▶ [The problem]: Please return the data that follows precisely as written, but without the images.

▶ [Supplied data]:
____

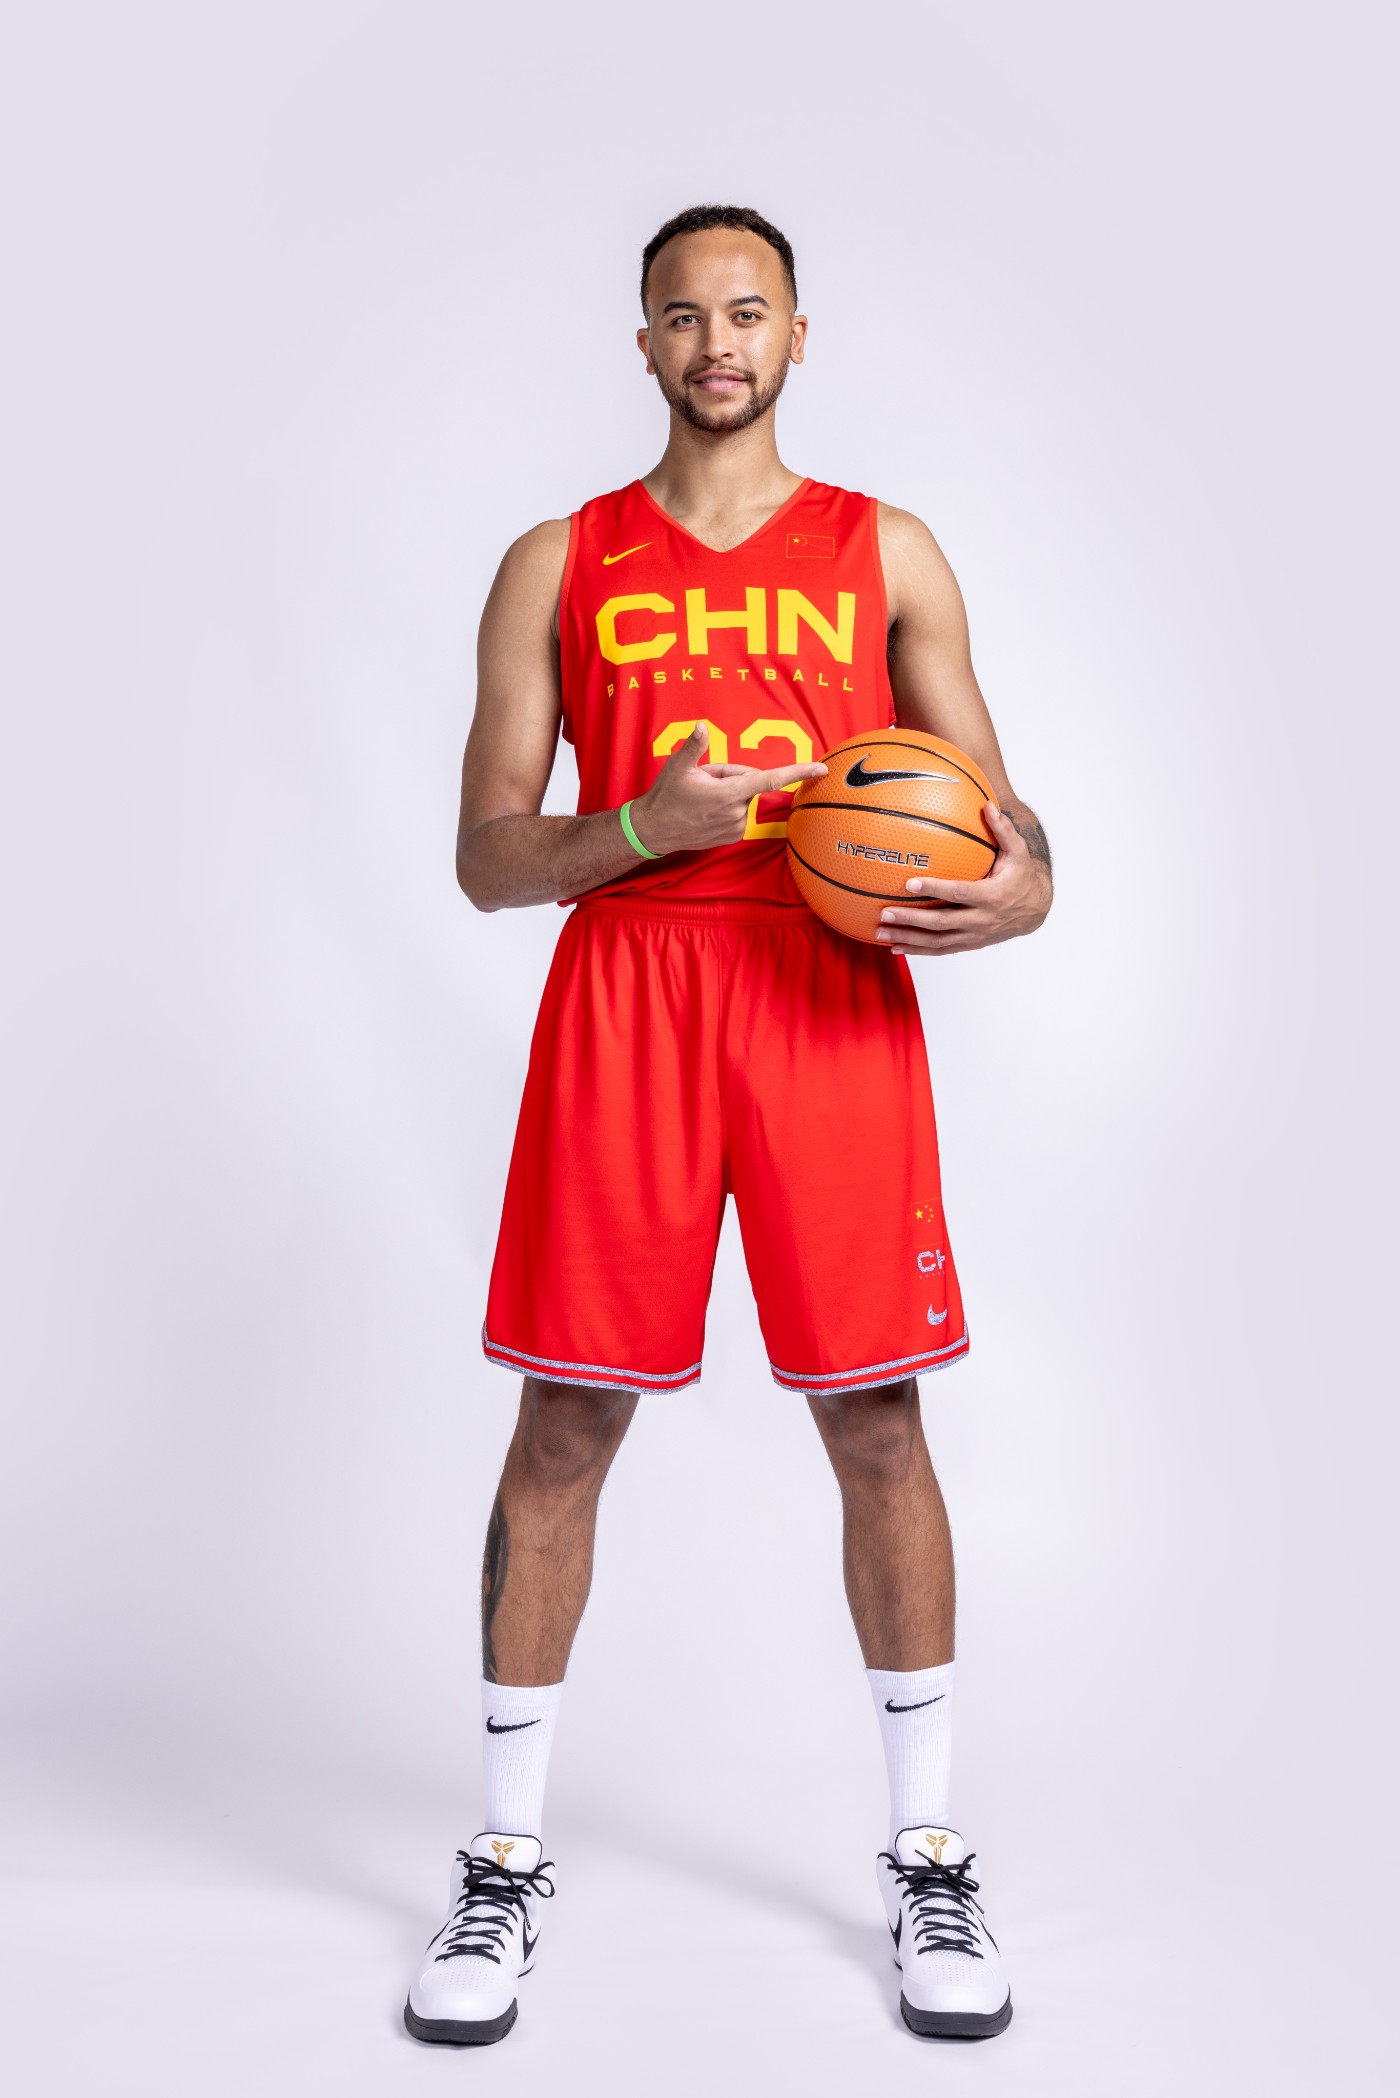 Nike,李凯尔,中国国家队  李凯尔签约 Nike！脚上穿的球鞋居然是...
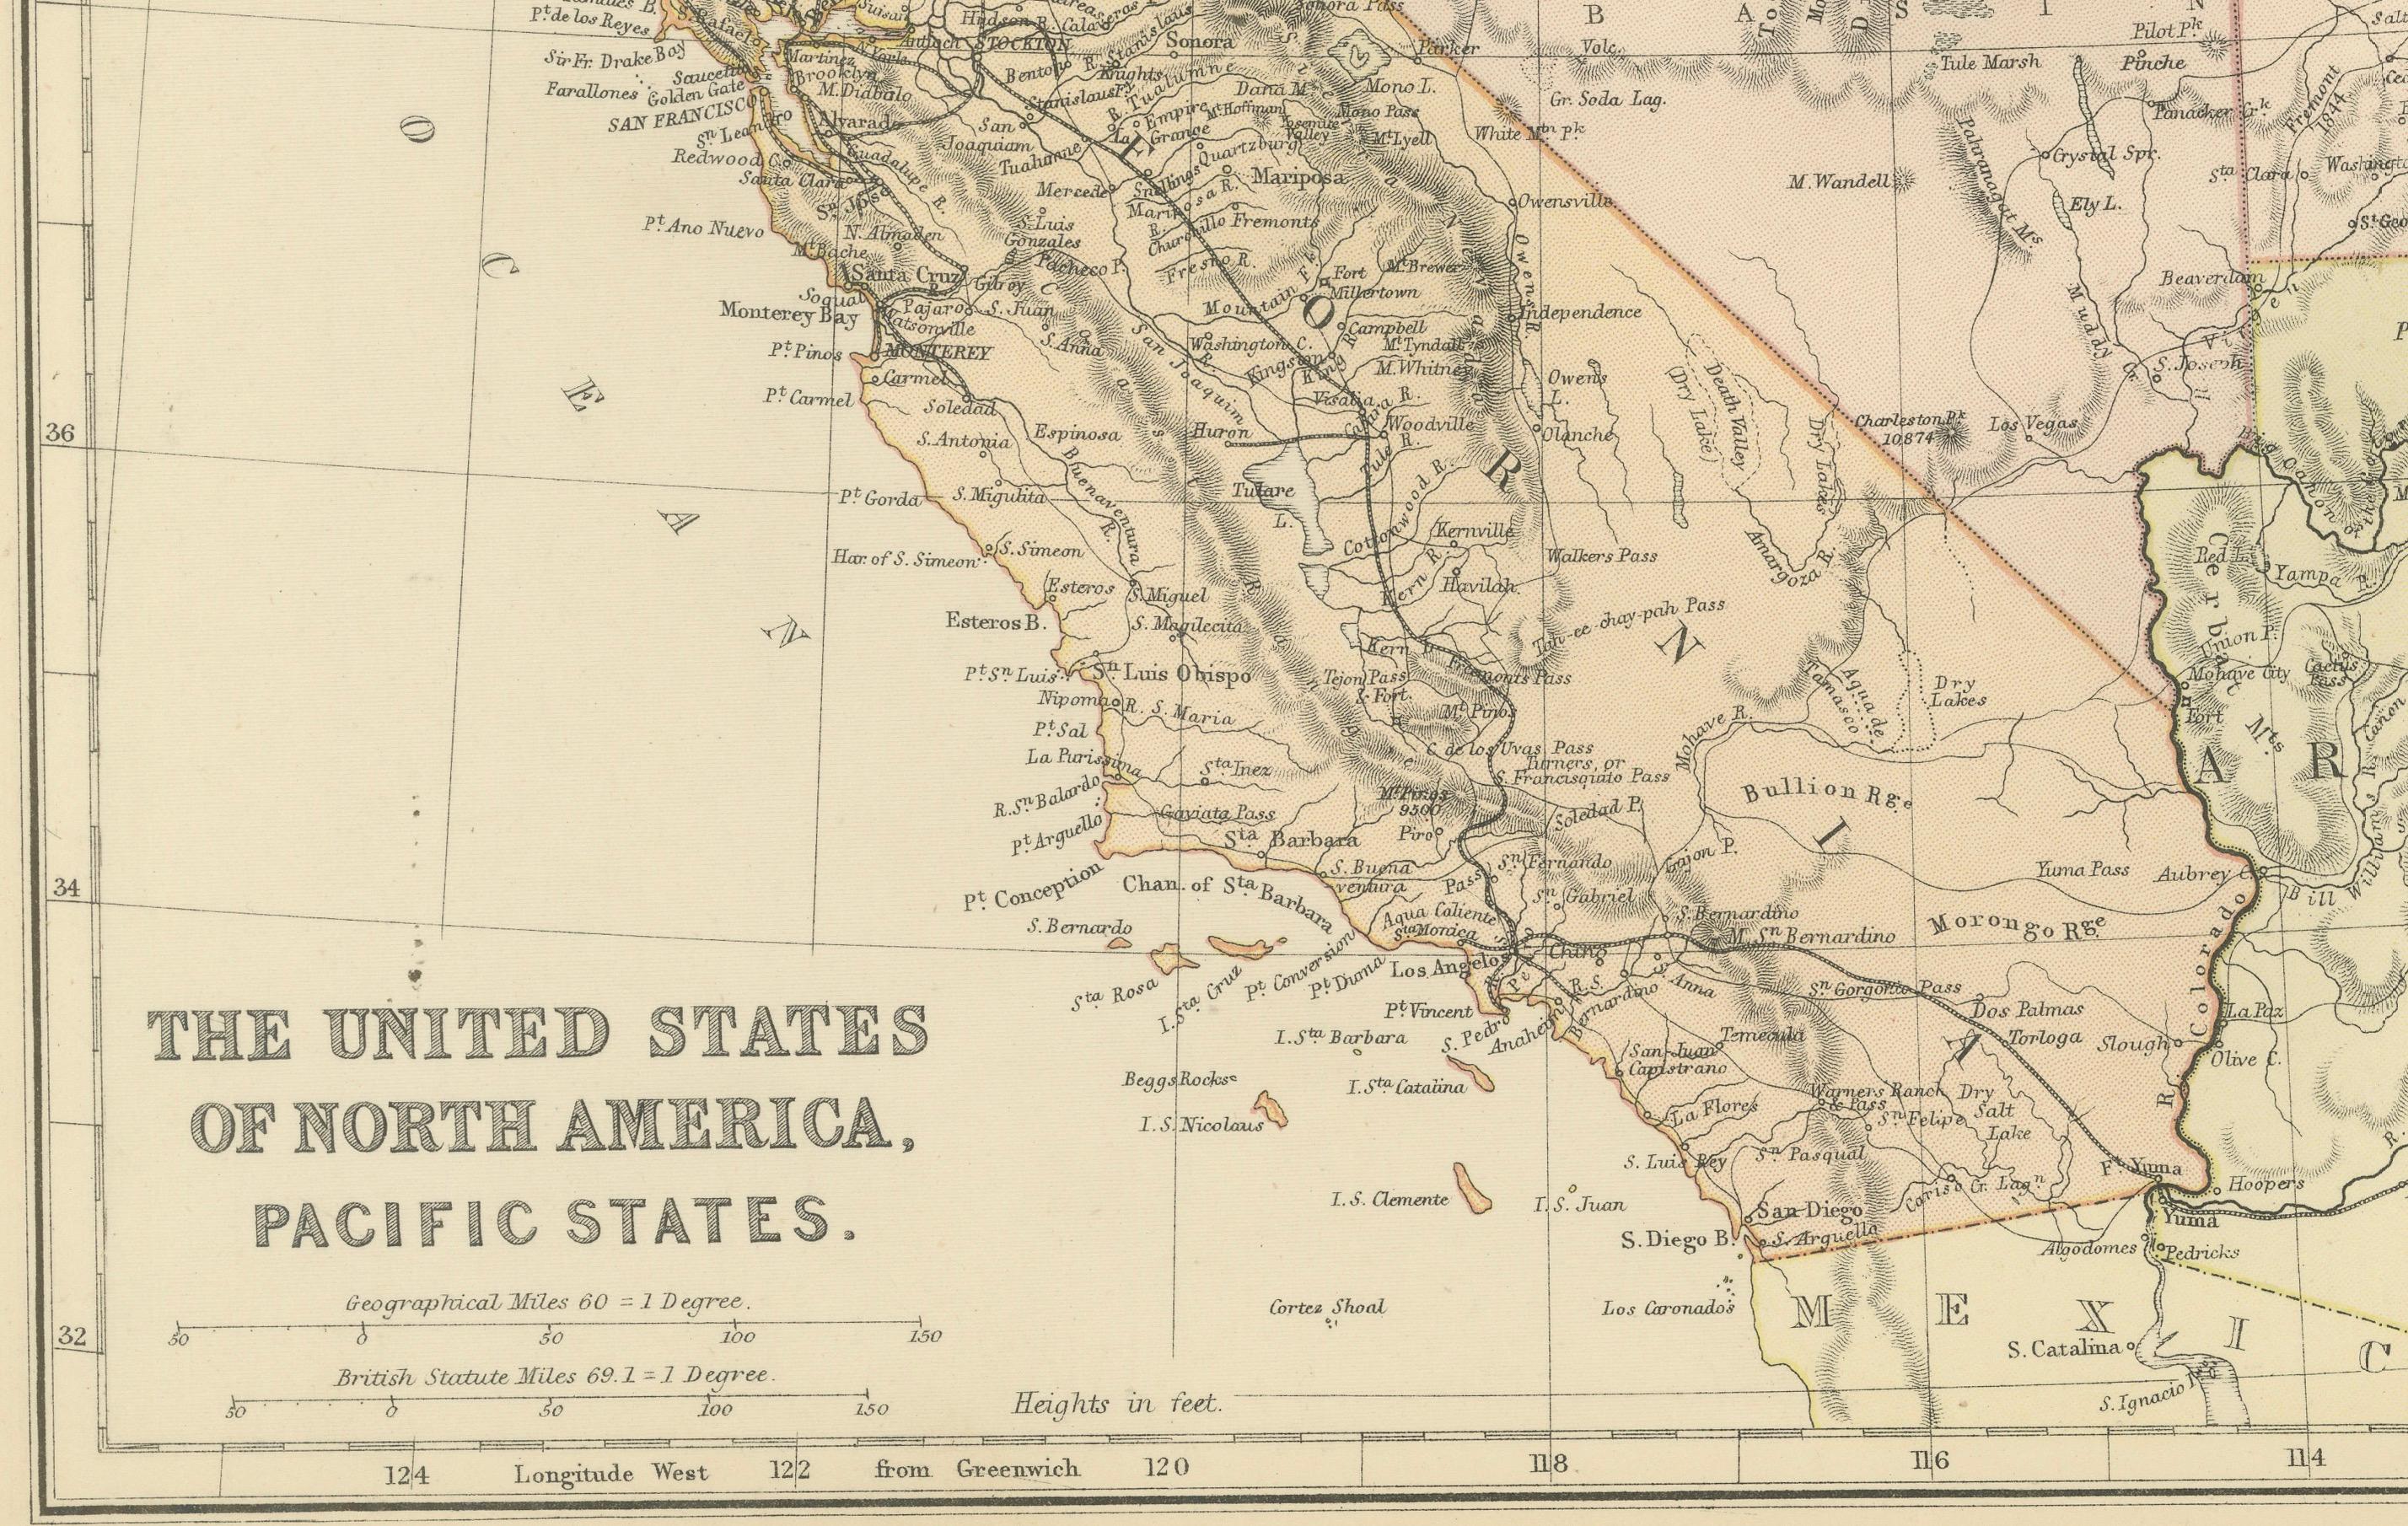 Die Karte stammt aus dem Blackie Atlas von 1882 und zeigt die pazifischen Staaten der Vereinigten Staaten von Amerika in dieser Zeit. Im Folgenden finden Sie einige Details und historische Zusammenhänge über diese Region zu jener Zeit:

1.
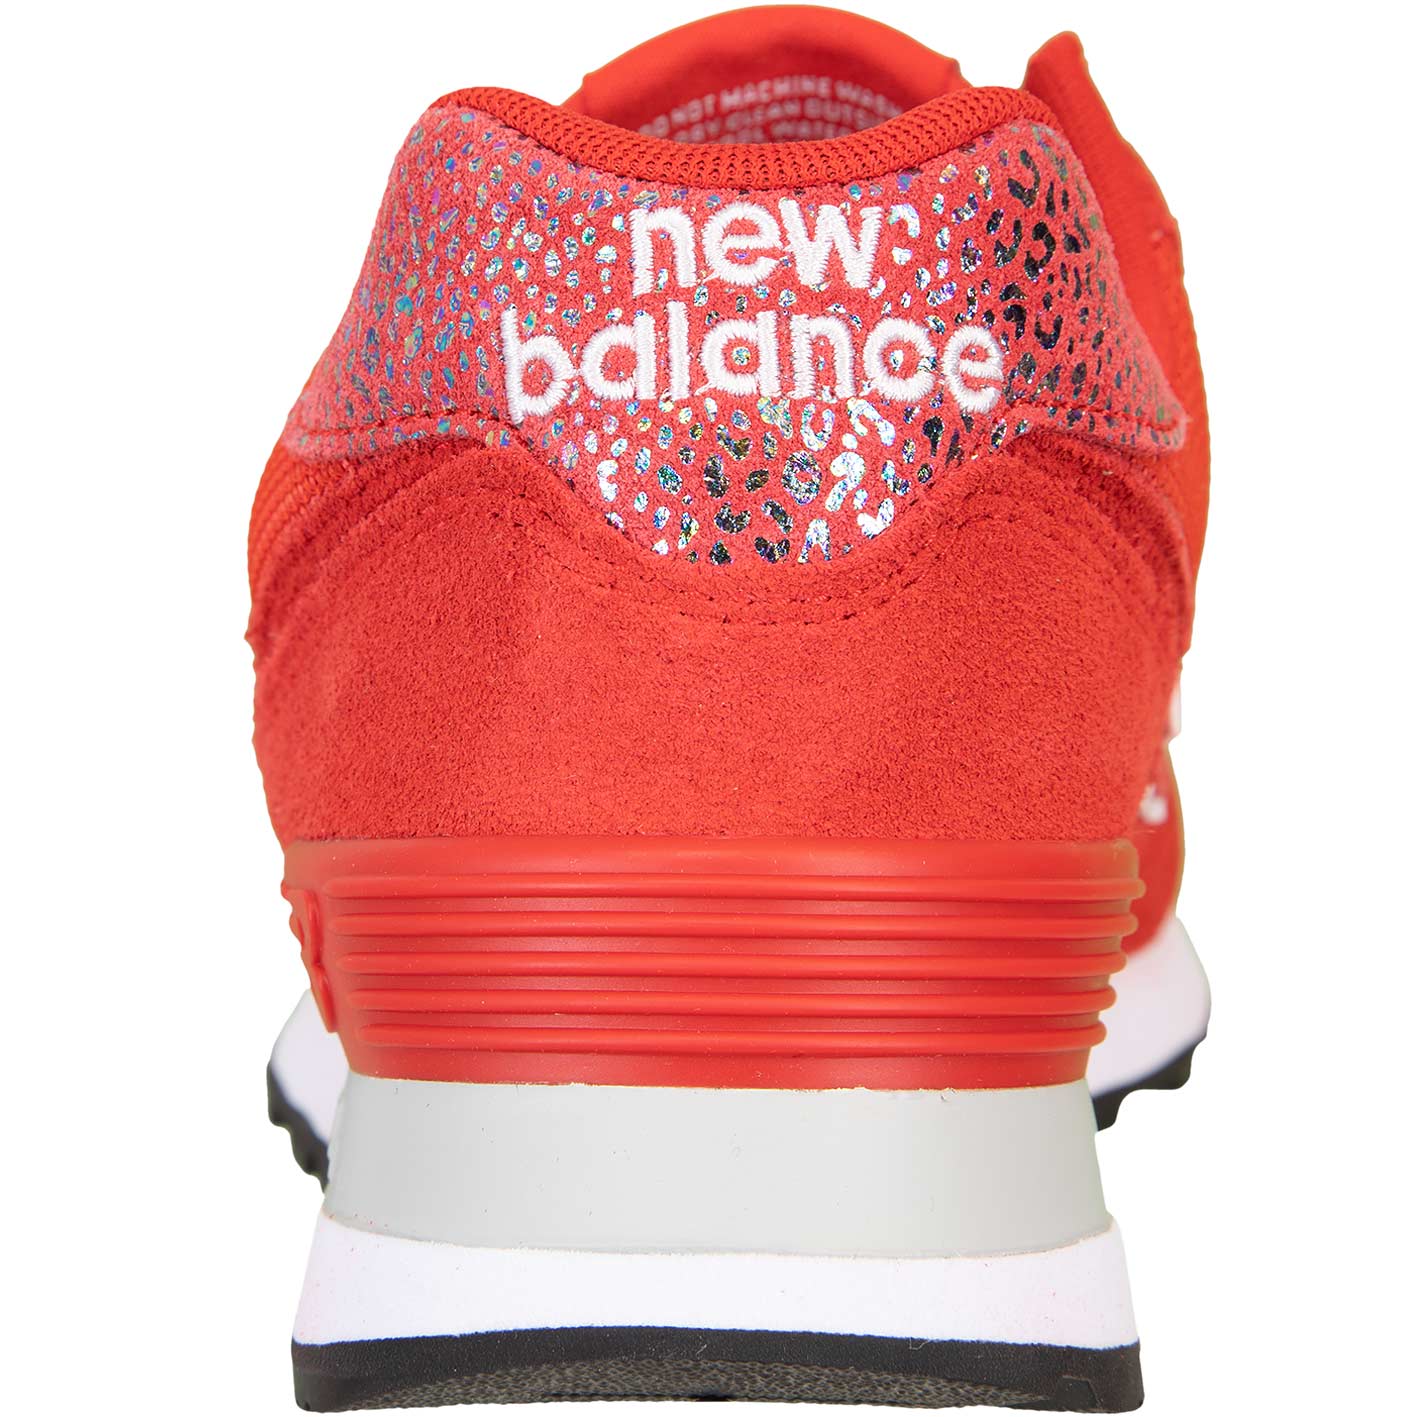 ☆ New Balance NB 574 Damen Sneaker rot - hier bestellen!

____

▶ [Output of the task]:
 Nike,李凯尔,中国国家队  李凯尔签约 Nike！脚上穿的球鞋居然是...
 Die Karte stammt aus dem Blackie Atlas von 1882 und zeigt die pazifischen Staaten der Vereinigten Staaten von Amerika in dieser Zeit. Im Folgenden finden Sie einige Details und historische Zusammenhänge über diese Region zu jener Zeit:

1.
 ☆ New Balance NB 574 Damen Sneaker rot - hier bestellen!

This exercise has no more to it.